Goldman sees oil hitting $80/bbl despite likely return of Iran supply

Goldman Sachs said it expects oil prices to climb to $80 per barrel in the fourth quarter of this year, arguing that the market has underestimated a rebound in demand even with a possible resumption in Iranian supply. “The case for higher oil prices therefore remains intact given the large vaccine-driven increase in demand in the face of inelastic supply,” the bank said in a note dated Sunday.
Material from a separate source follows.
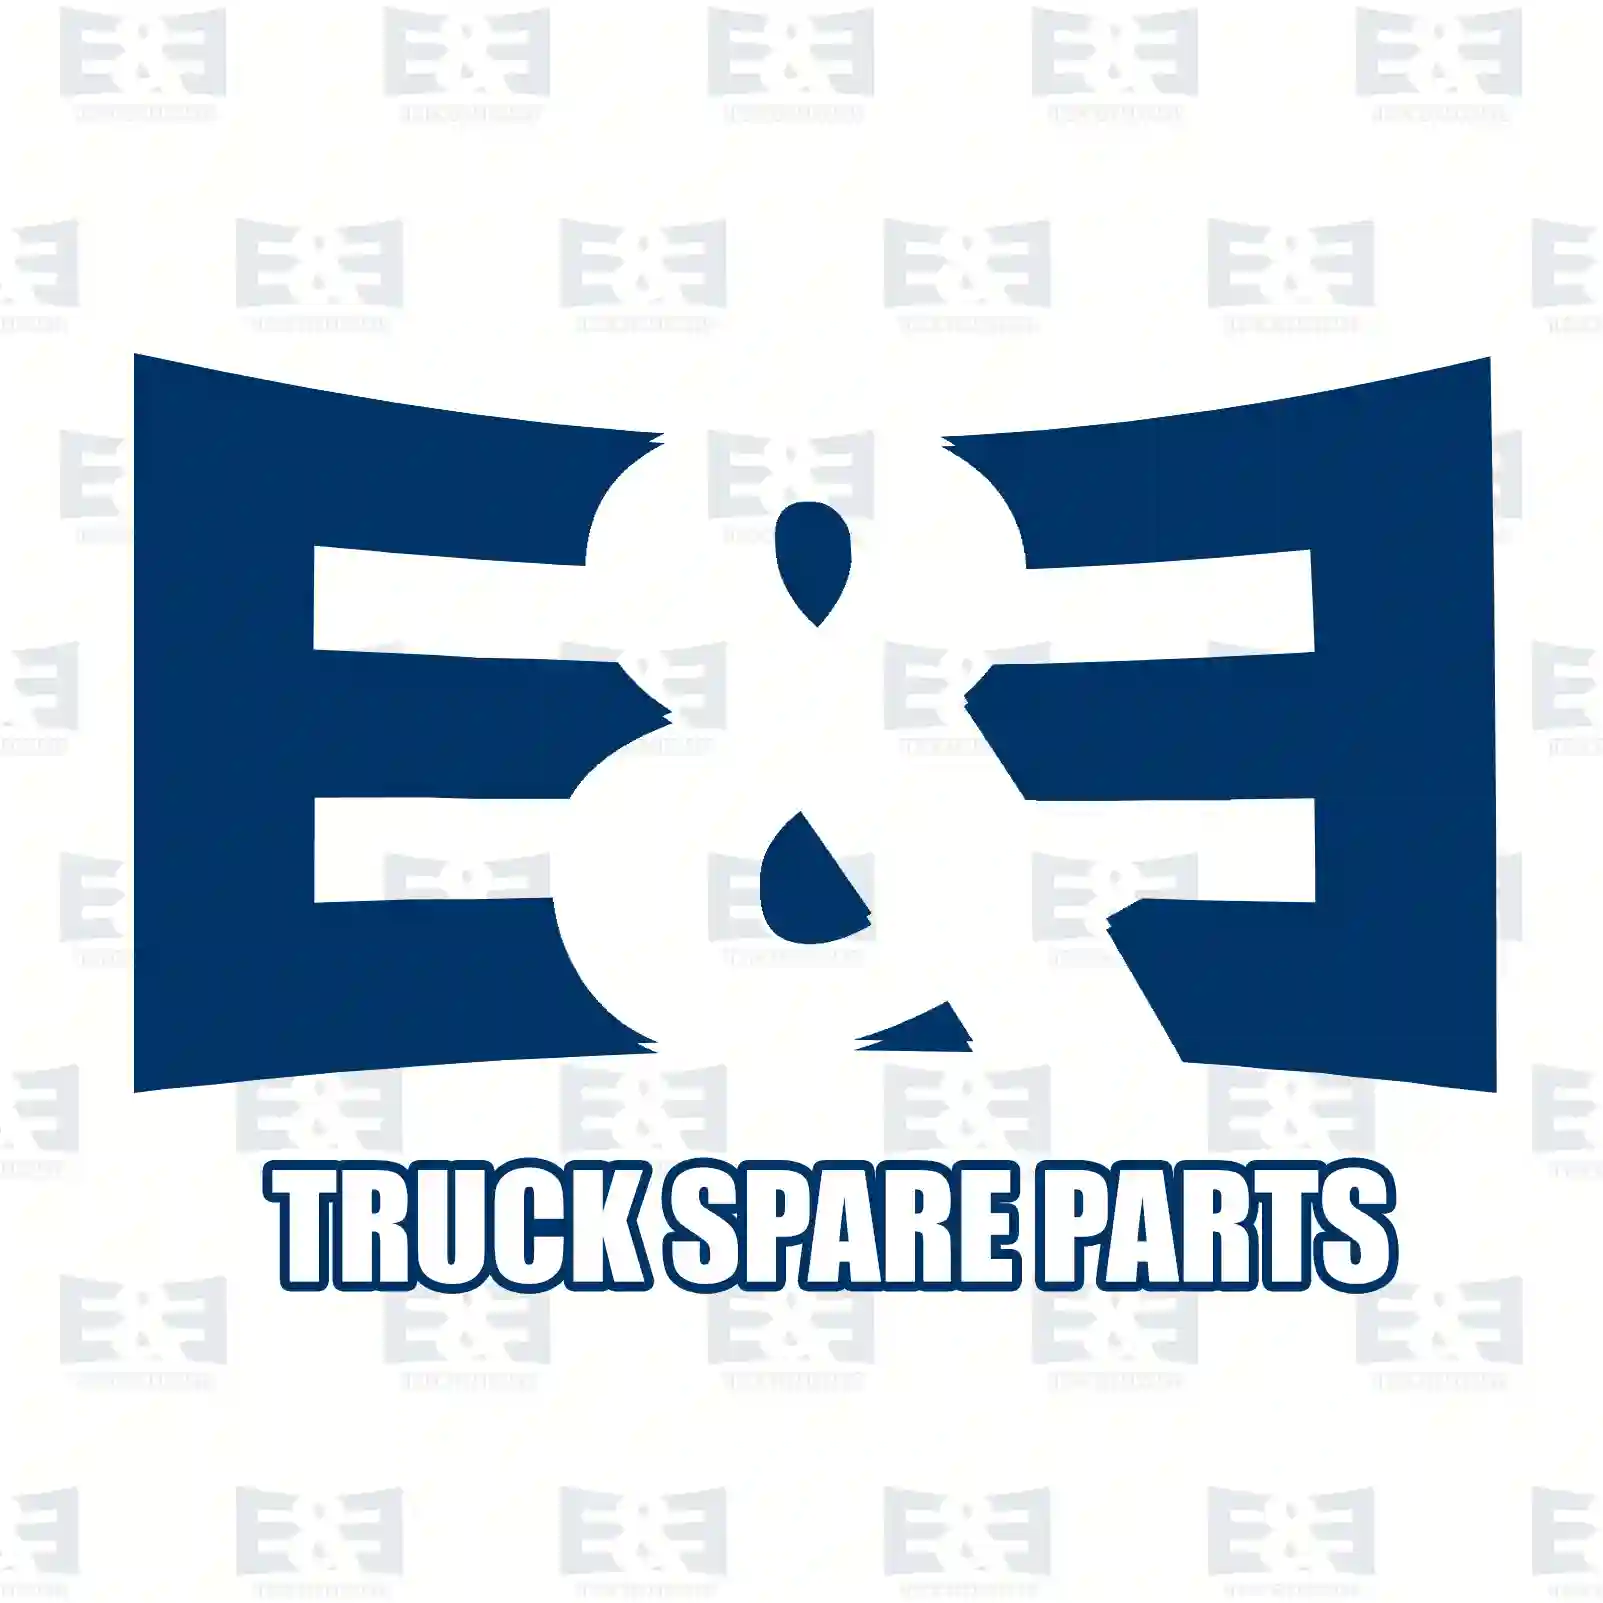 W-connector, 2E2296327, 0019907971, 0049905371, ||  2E2296327 E&E Truck Spare Parts | Truck Spare Parts, Auotomotive Spare Parts W-connector, 2E2296327, 0019907971, 0049905371, ||  2E2296327 E&E Truck Spare Parts | Truck Spare Parts, Auotomotive Spare Parts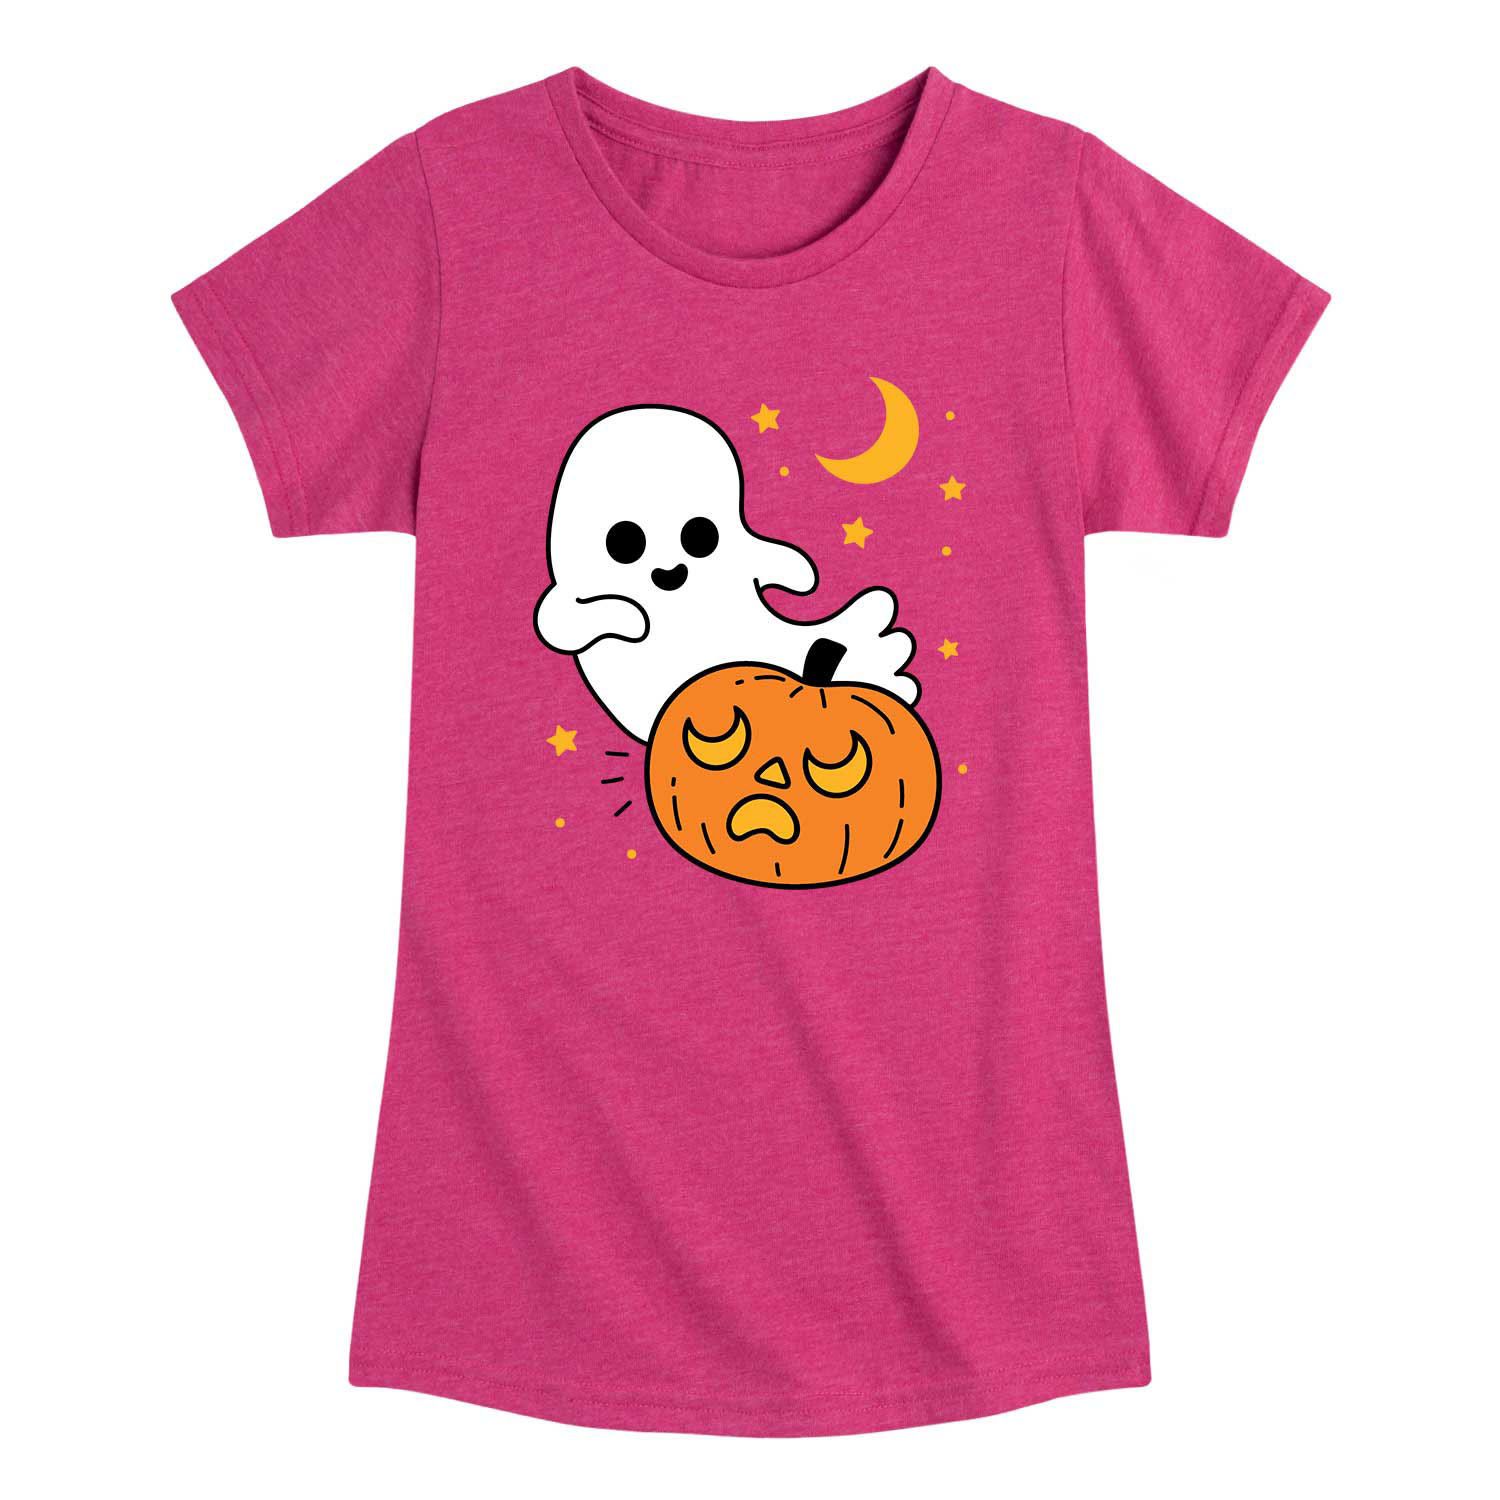 Осенняя футболка с рисунком тыквы и призраков для девочек 7–16 лет Licensed Character футболка с рисунком конфет и тыквы для девочек 7–16 лет licensed character

Even “aggressively assuming” a restart of Iranian exports in July, Brent prices would still reach the $80 mark by the fourth quarter, it said. Oil prices fell last week after Iran’s president, Hassan Rouhani, said the United States was ready to lift sanctions on Tehran’s oil, banking and shipping sectors. Crude recouped some of those losses on Monday as a potential snag emerged in reviving the 2015 Iran nuclear deal that could add more oil supply, with indirect talks between Washington and Tehran due to resume this week. Goldman Sachs said a demand recovery in developed markets would offset a recent coronavirus-led hit to consumption and likely slower recovery in South Asia and Latin America. Global demand could increase by 4.6 million barrels per day through year-end, with most of the gains likely in the next 3 months, it said. “Mobility is rapidly increasing in the U.S. and Europe, as vaccinations accelerate and lockdowns are lifted, with freight and industrial activity also surging,” the note said. The bank also expects the Organization of the Oil Producing Countries (OPEC) and allies including Russia, a grouping known as OPEC+, to offset any ramp-up in Iran production by halting for two months an increase in its output in the second half of 2021. This would help offset the perceived bearish impact in the physical market of the release of Iranian floating storage, it said.